In this example, we will calculate the MinSpan vectors for the E. coli core network.
Ensure that the Gurobi MILP and LP solvers are working:
test1 = changeCobraSolver('gurobi', 'MILP');
test2 = changeCobraSolver('gurobi', 'LP');
test3 = changeCobraSolver('gurobi', 'QP');
if test1 == 0 || test2 == 0 || test3 == 0
error('minSpan only works with gurobi version 5+');
end
Load the core model:
global CBTDIR
modelFileName = 'ecoli_core_model.mat';
modelDirectory = getDistributedModelFolder(modelFileName); %Look up the folder for the distributed Models.
modelFileName= [modelDirectory filesep modelFileName]; % Get the full path. Necessary to be sure, that the right model is loaded
model = readCbModel(modelFileName);
The biomass function is then removed from the model using the COBRA function removeRxns.
bmName = {'Biomass_Ecoli_core_w_GAM'};
model = removeRxns(model, bmName);
The MinSpan algorithm takes the model as input and returns a matrix containing the calculated MinSpan vectors (Table 1).
Table 1 | Inputs and outputs of the detMinSpan function.
Running the algorithm on the modified E. coli core model returns the calculated MinSpans for the network:
tic
minSpanVectors = detMinSpan(model);
toc
minSpanVectors is a matrix that consists of 23 linearly independent vectors. A further description of these vectors is provided and their comparison to Extreme Pathways [2] is provided in the Supplementary Material of Bordbar et al 2014 [1] (Section 1 and Figure S2).
Numerical properties of the stoichiometric matrix:
[nMet,nRxn]=size(model.S)
Independent dimensions of the right nullspace of the stoichiometric matrix
fprintf('%s%g\n','Number of right nullspace basis vectors expected: ',nRxn-rank(full(model.S)))

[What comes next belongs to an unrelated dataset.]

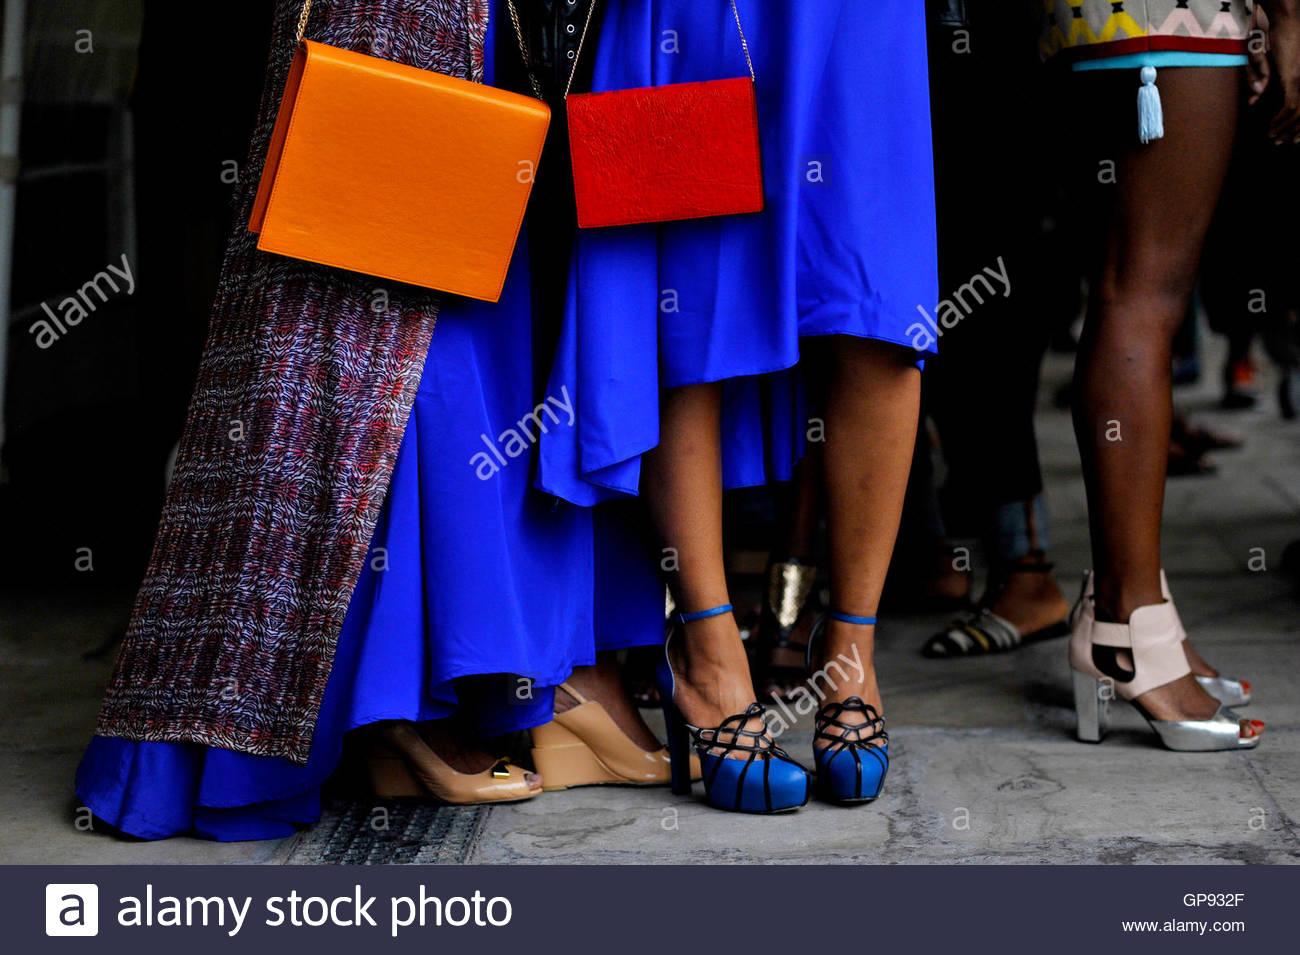 Models backstage at Africa Utopia Fashion Event Southbank London, England UK September 3 2016. Credit:  wayne Tippetts/Alamy - Stock Image
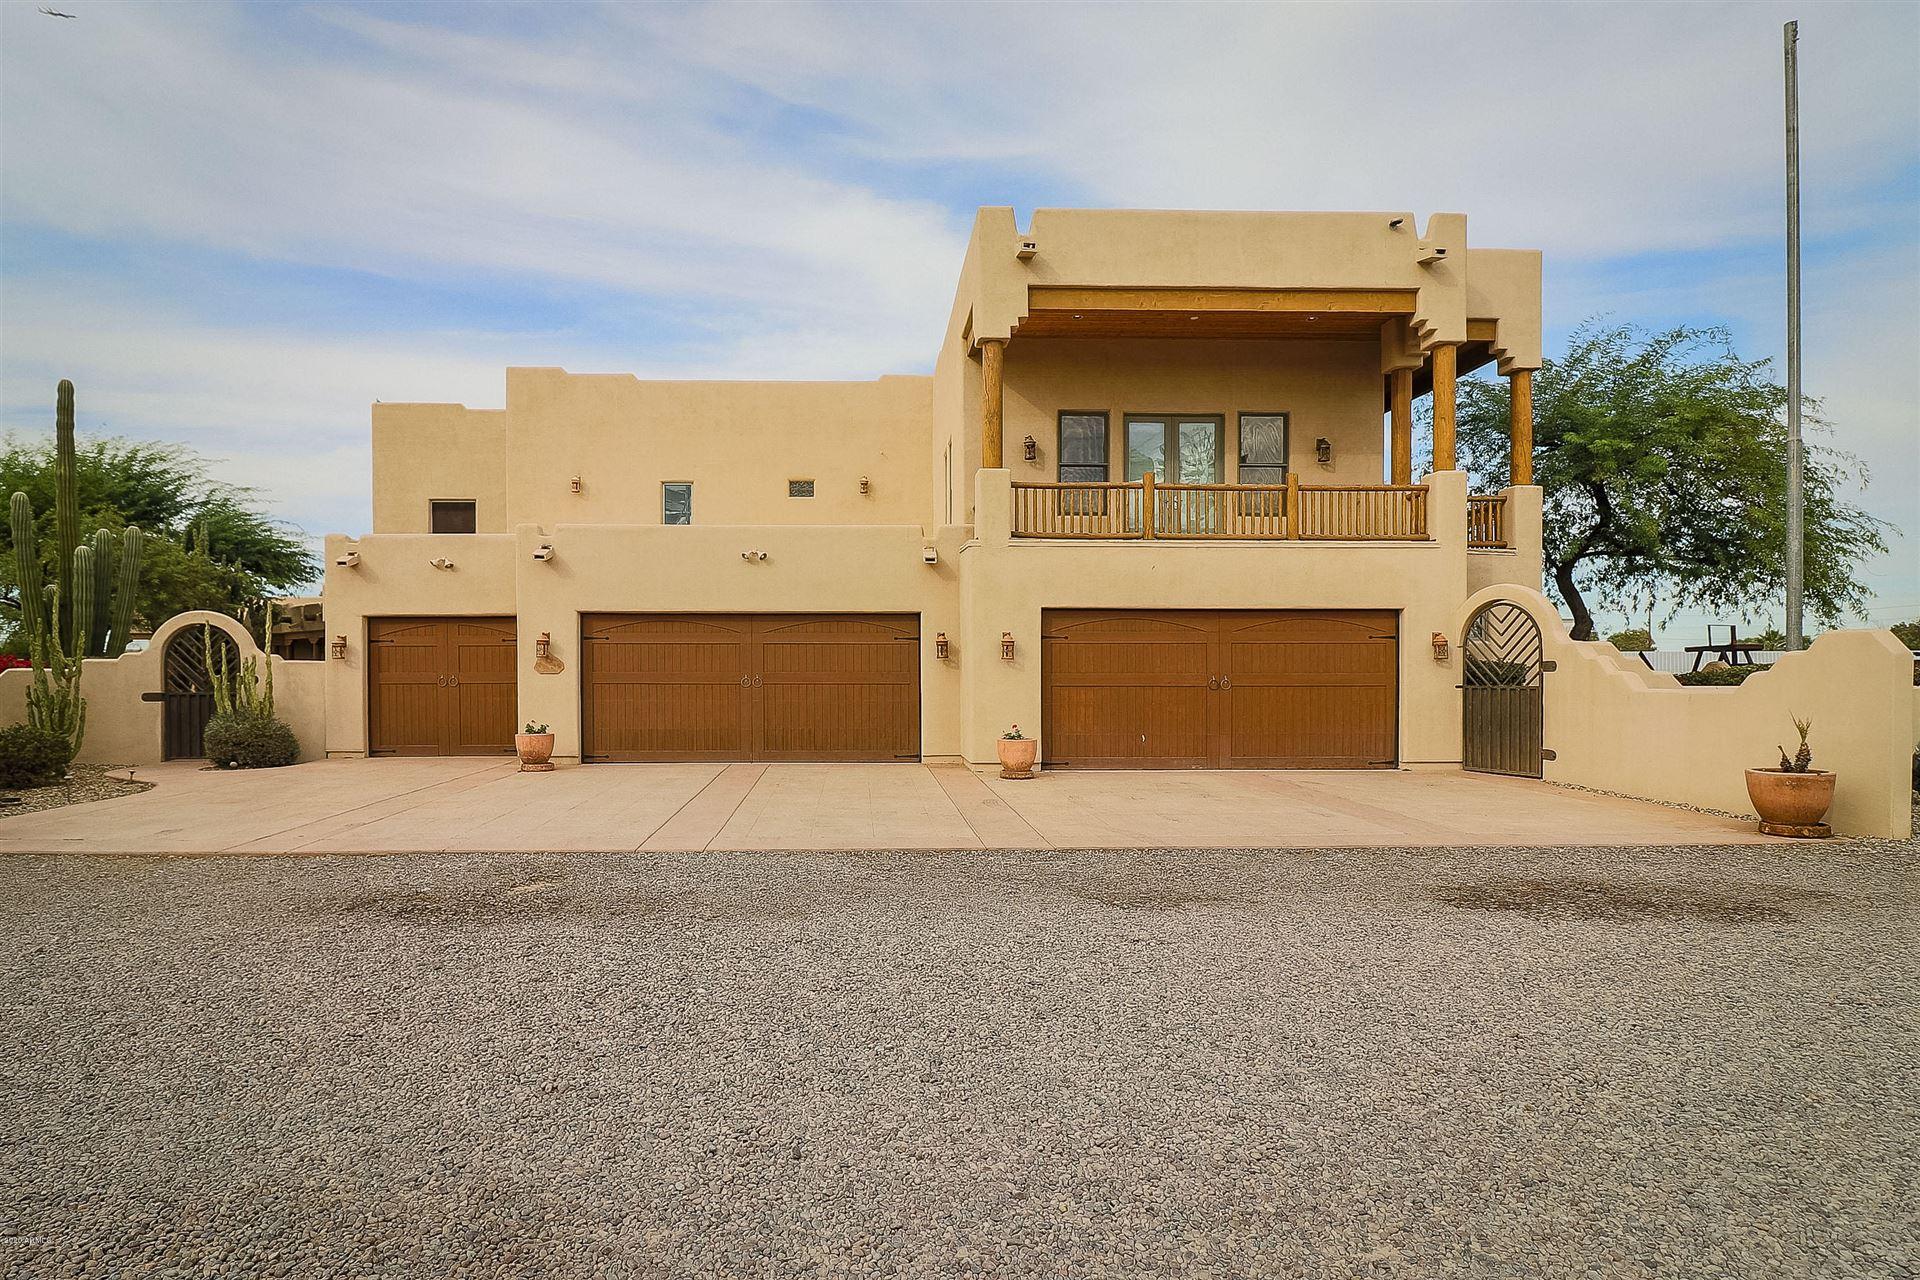 3835 S 67th Avenue, Phoenix, AZ 85043 - MLS#: 6158277

Numerical properties of the minSpan basis:
[nRxn2,nMinSpanVectors]=size(minSpanVectors)
Rank of the minSpanVectors
fprintf('%s%g\n','Rank of minSpanVectors matrix:',rank(full(minSpanVectors)))
Check the minSpan is really a basis for the nullspace:
fprintf('%s%g\n','Should be zero: ',norm(model.S*minSpanVectors))
fprintf('%s%g\n','Should be zero (?): ',norm(nRxn-rank(full(model.S))-rank(full(minSpanVectors))))
Investigate the sparsity pattern of the minSpan basis:
fprintf('%s%g\n','Sparsity ratio of minSpanVectors: ',nnz(minSpanVectors)/(nRxn2*nMinSpanVectors))
spy(minSpanVectors)

References

[1] Bordbar A, Nagarajan H, Lewis NE, Latif H, Ebrahim A, Federowicz S, Schellenberger J, Palsson BO. "Minimal metabolic pathway structure is consistent with associated biomolecular interactions" Mol Syst Biol 10:737 (2014).
[2] Schilling CH, Letscher D, Palsson BO. "Theory for the systemic definition of metabolic pathways and their use in interpreting metabolic function from a pathway-oriented perspective. J Theor Biol 203:229-248 (2000).